* _Exercise aim_
Repeat, exactly as they appear, the lines from the one with "Pinus, old stem" through the last line of the entries below, but none of the pictures.

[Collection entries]
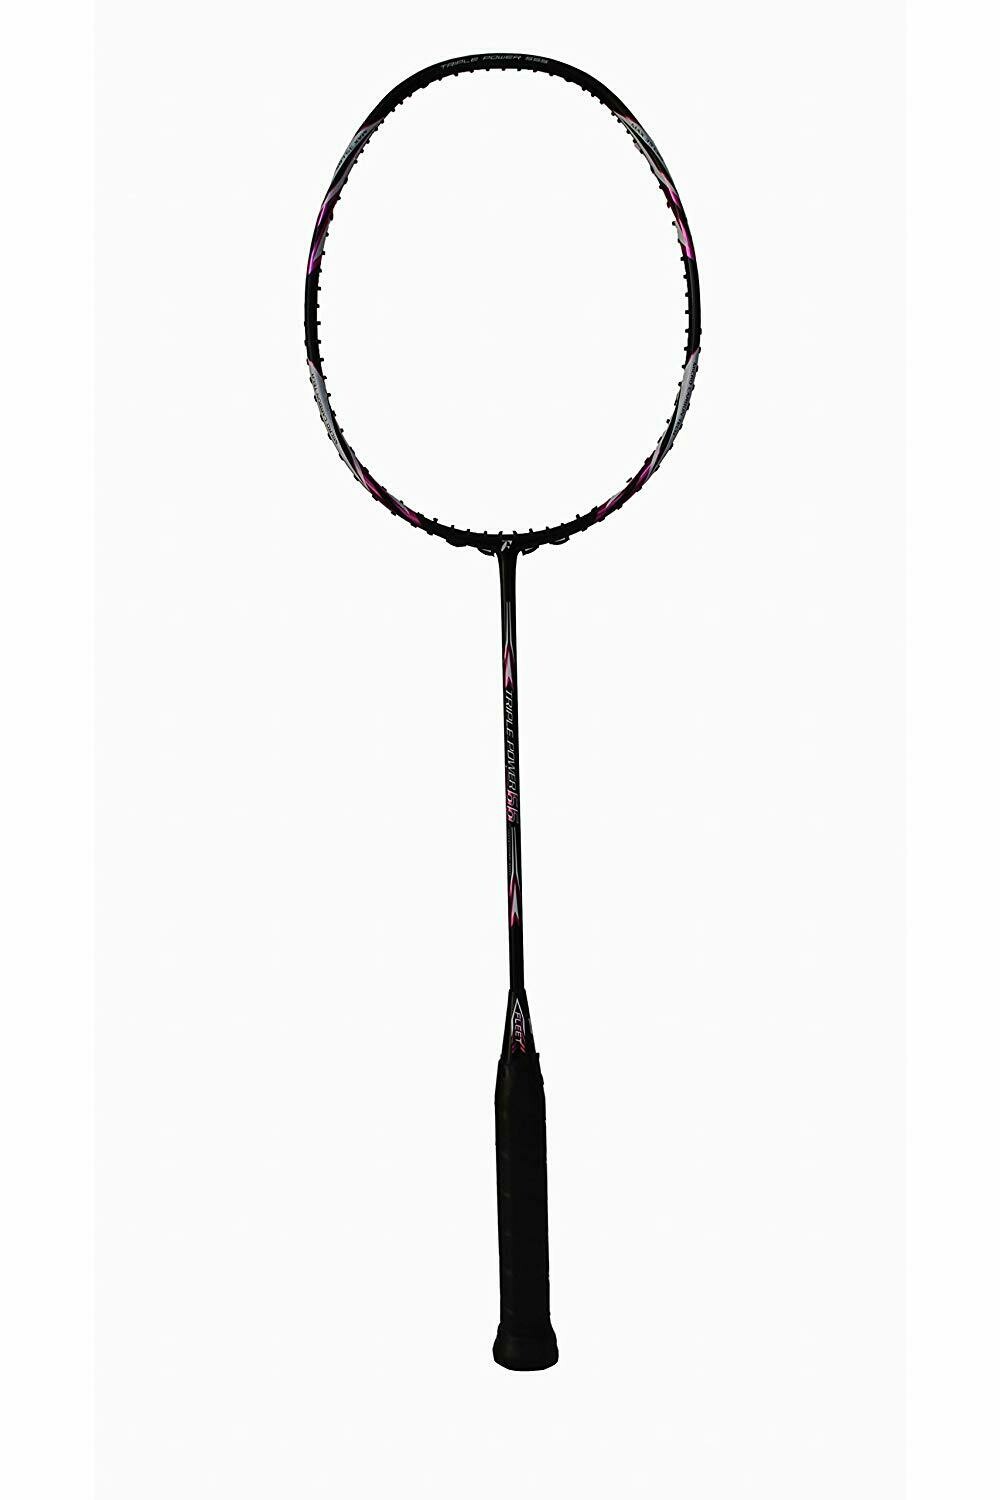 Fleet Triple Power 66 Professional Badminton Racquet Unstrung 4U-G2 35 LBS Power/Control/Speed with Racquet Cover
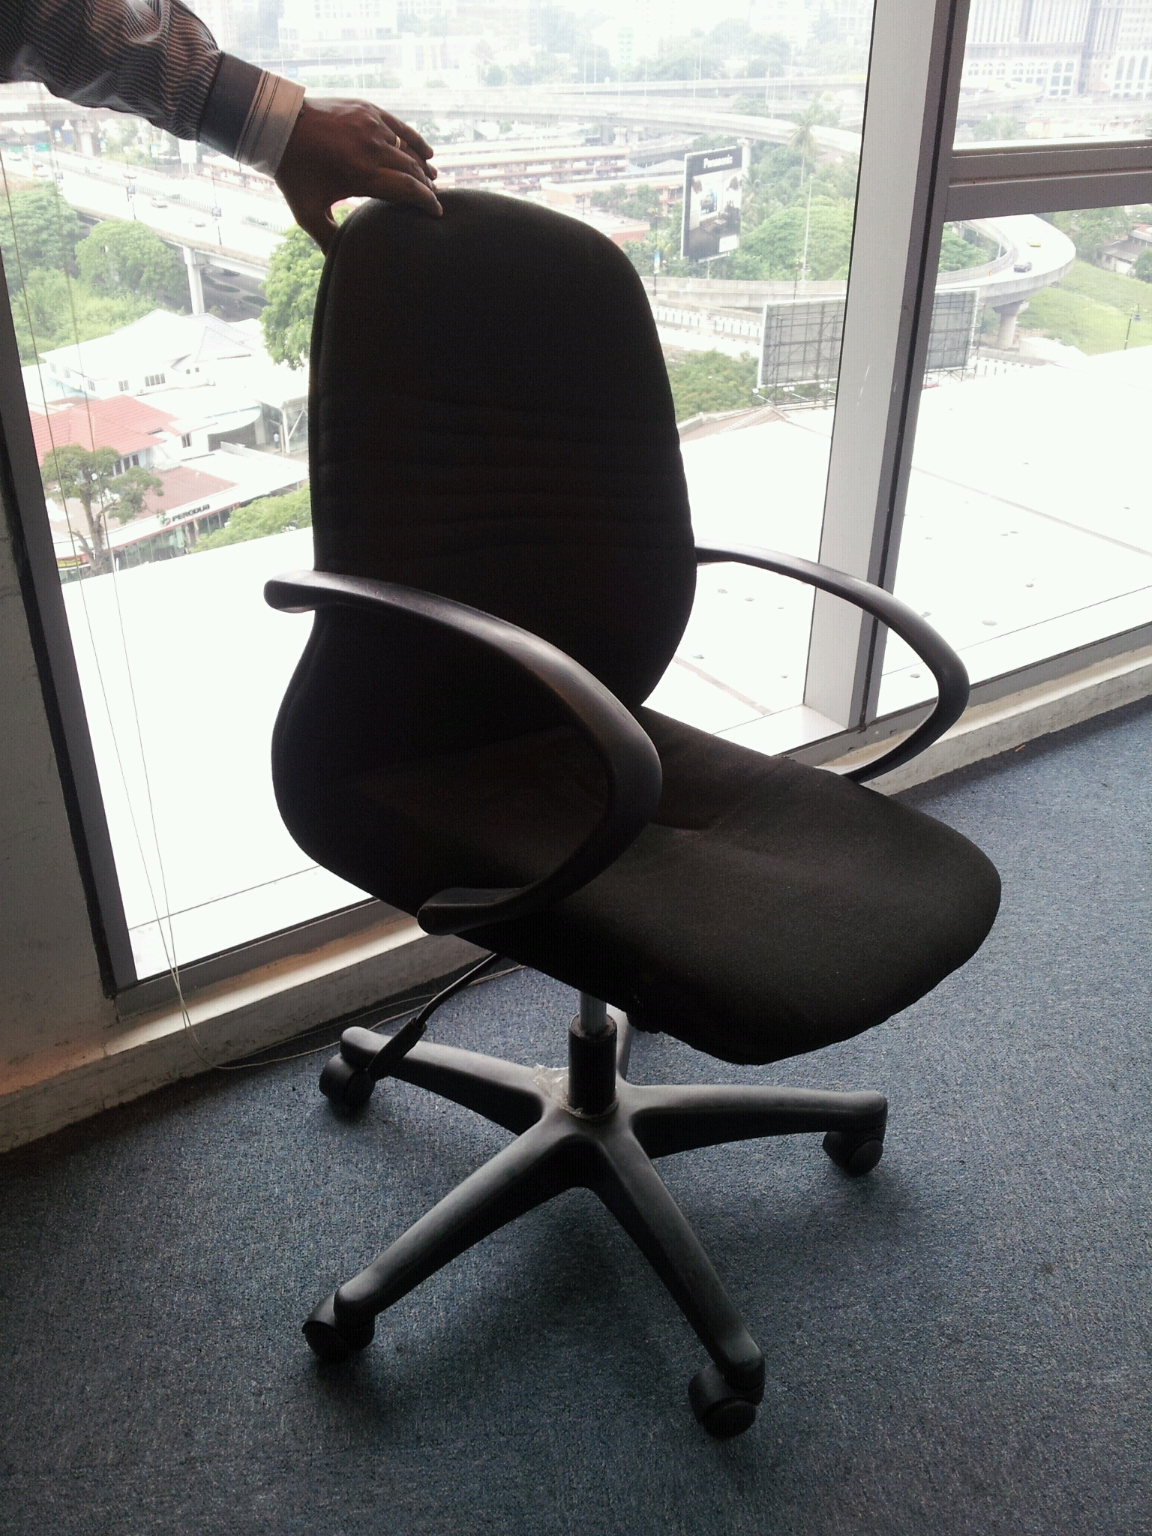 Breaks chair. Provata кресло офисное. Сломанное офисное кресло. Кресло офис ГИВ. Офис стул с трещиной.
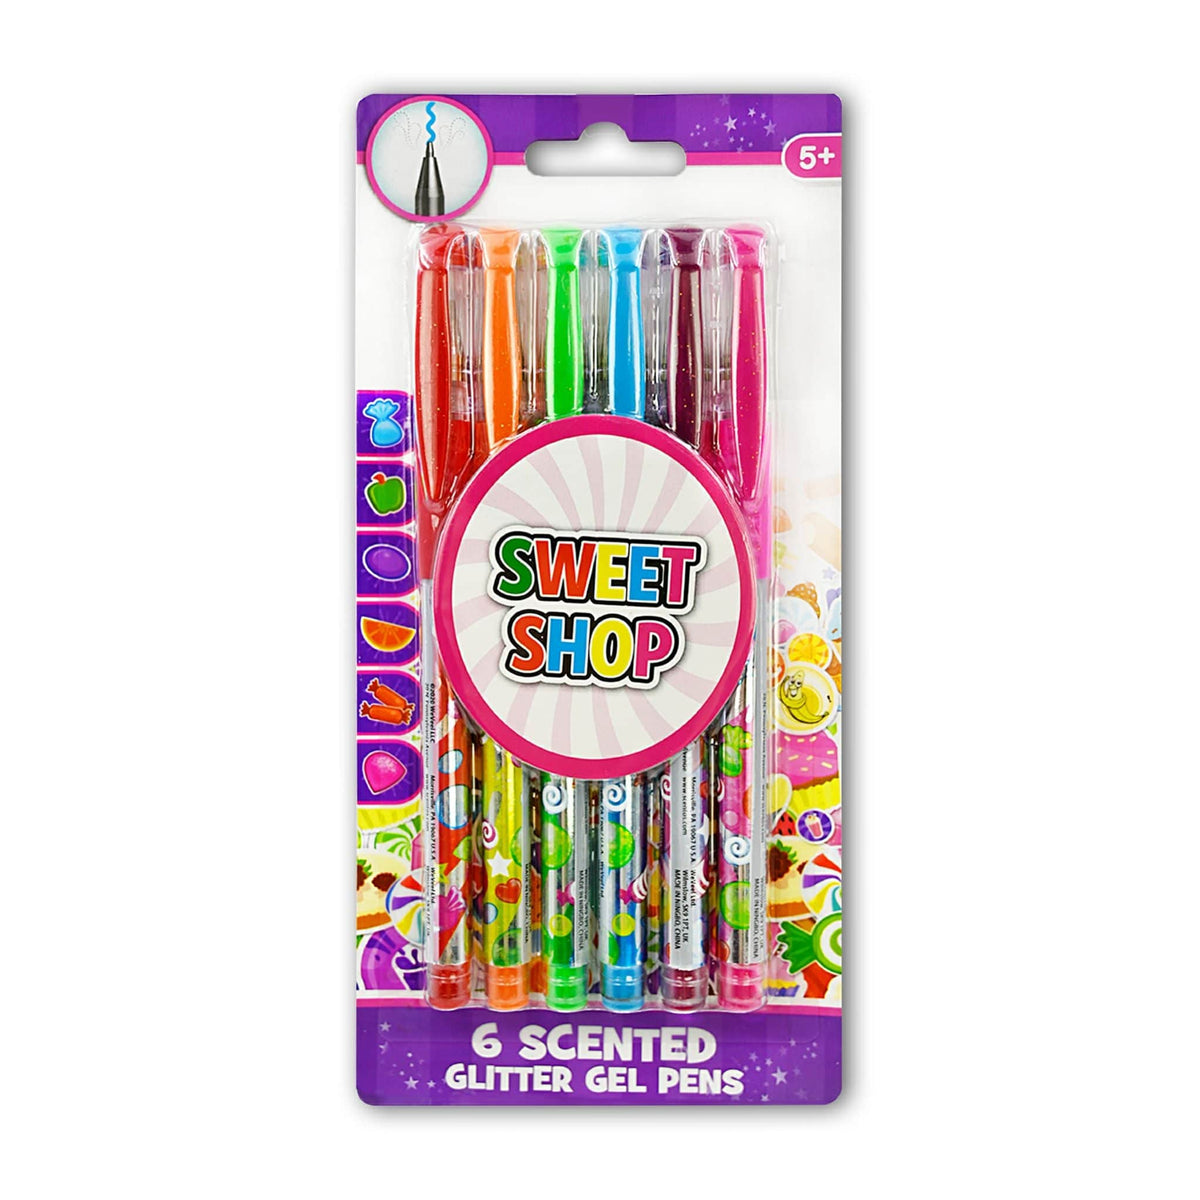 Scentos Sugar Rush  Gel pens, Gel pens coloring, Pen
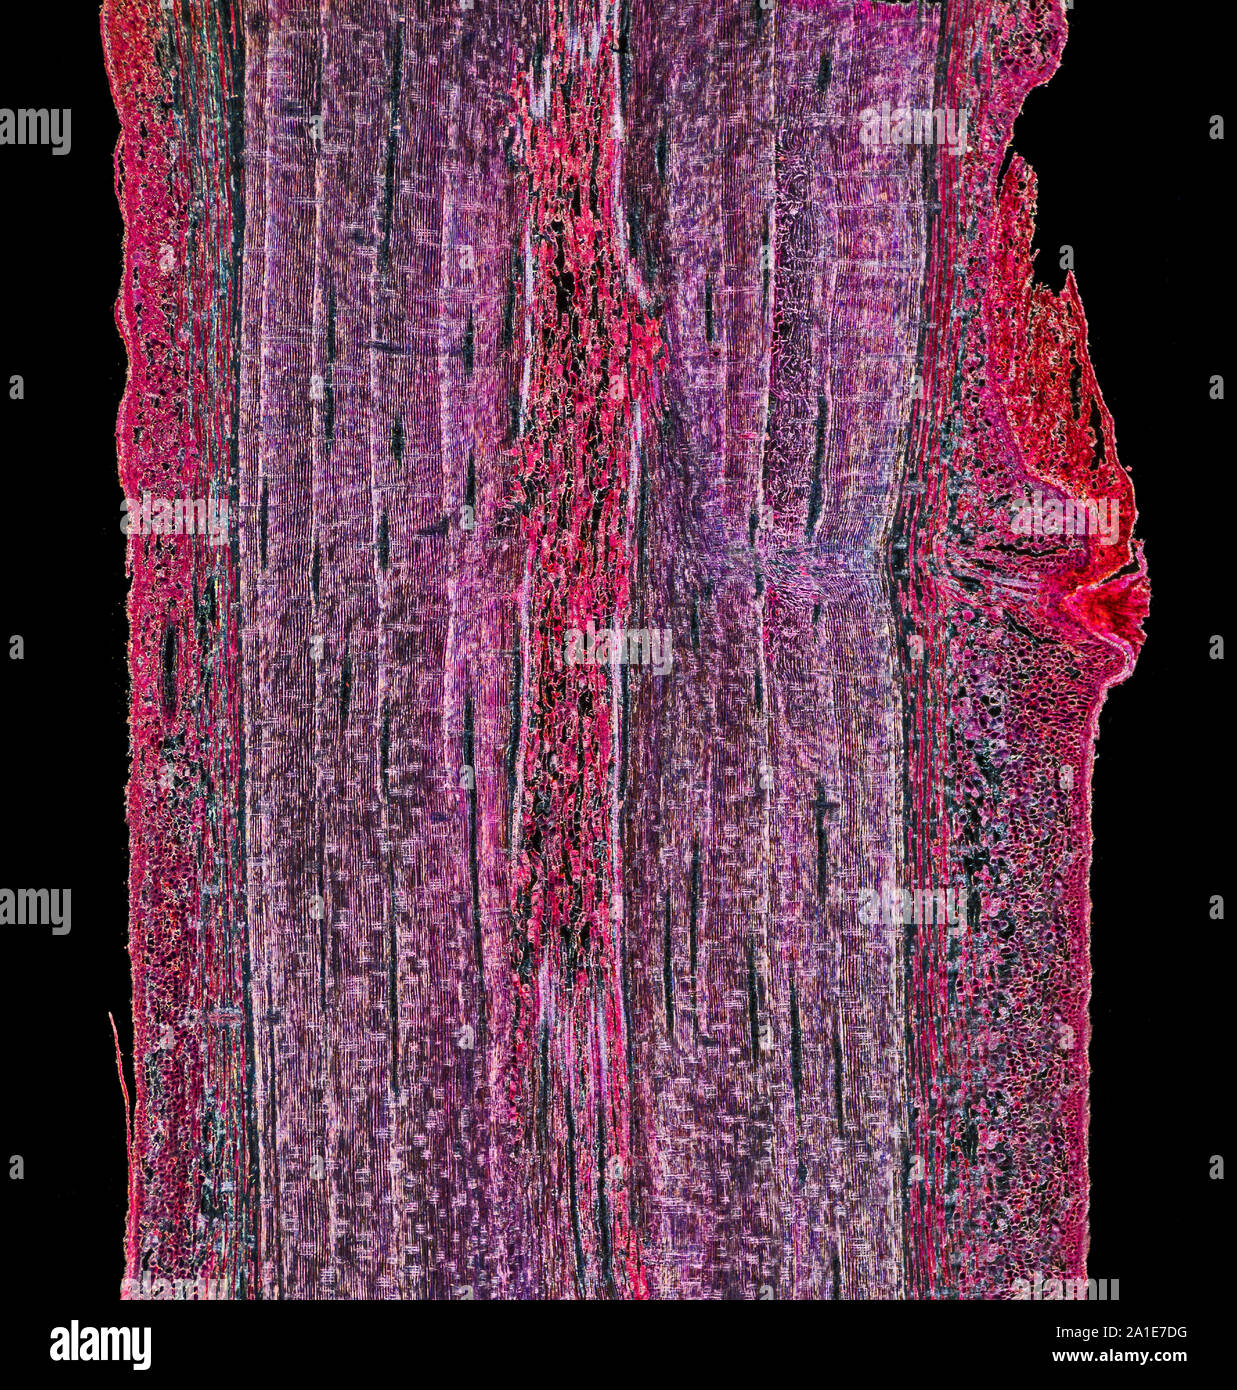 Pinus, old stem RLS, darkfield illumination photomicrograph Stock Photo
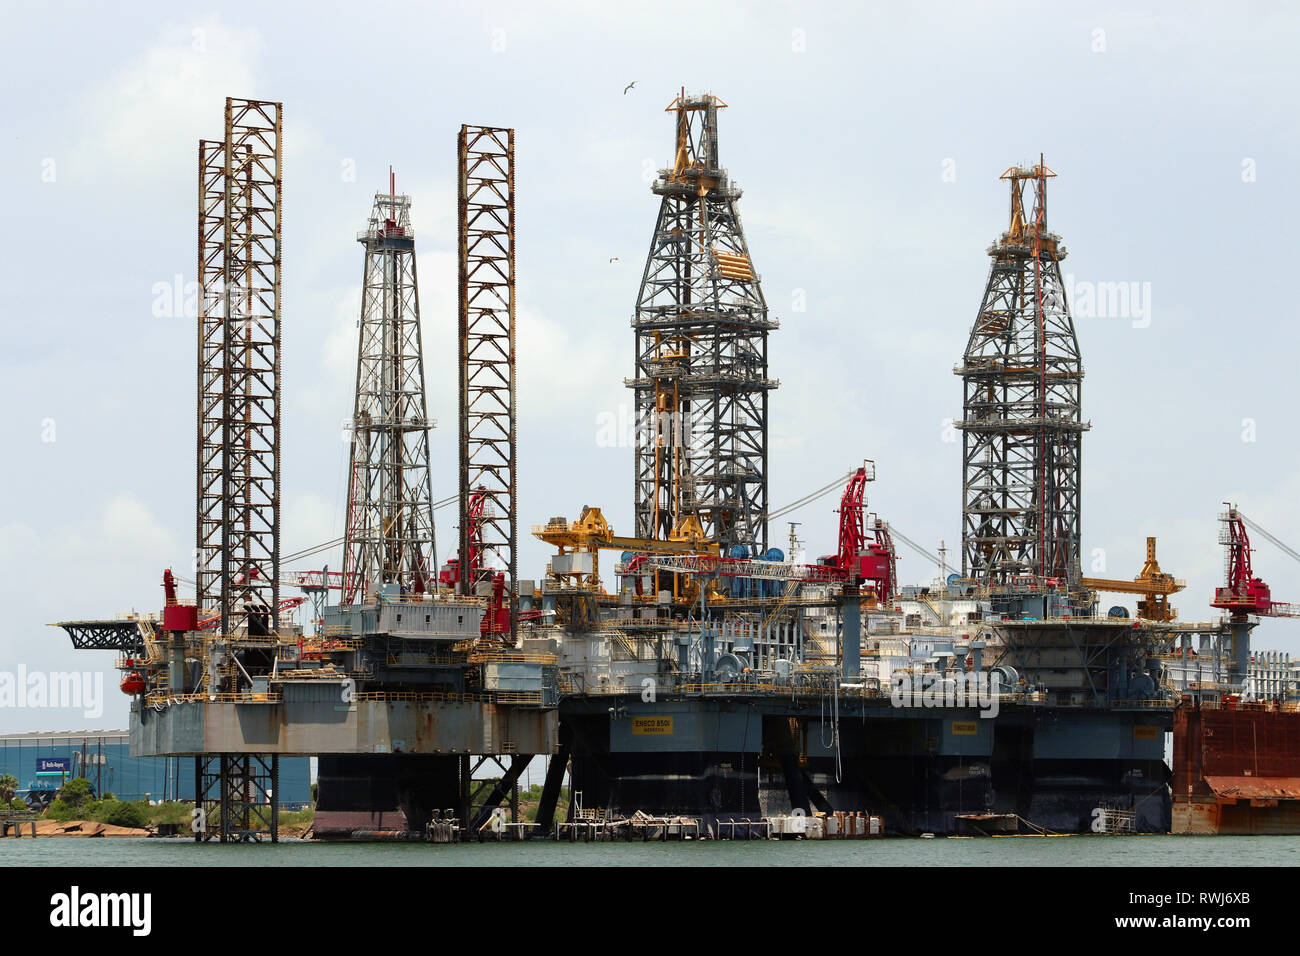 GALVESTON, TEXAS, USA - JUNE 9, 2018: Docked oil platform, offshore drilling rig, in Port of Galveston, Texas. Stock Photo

* _Expected output_
 Pinus, old stem RLS, darkfield illumination photomicrograph Stock Photo
 GALVESTON, TEXAS, USA - JUNE 9, 2018: Docked oil platform, offshore drilling rig, in Port of Galveston, Texas. Stock Photo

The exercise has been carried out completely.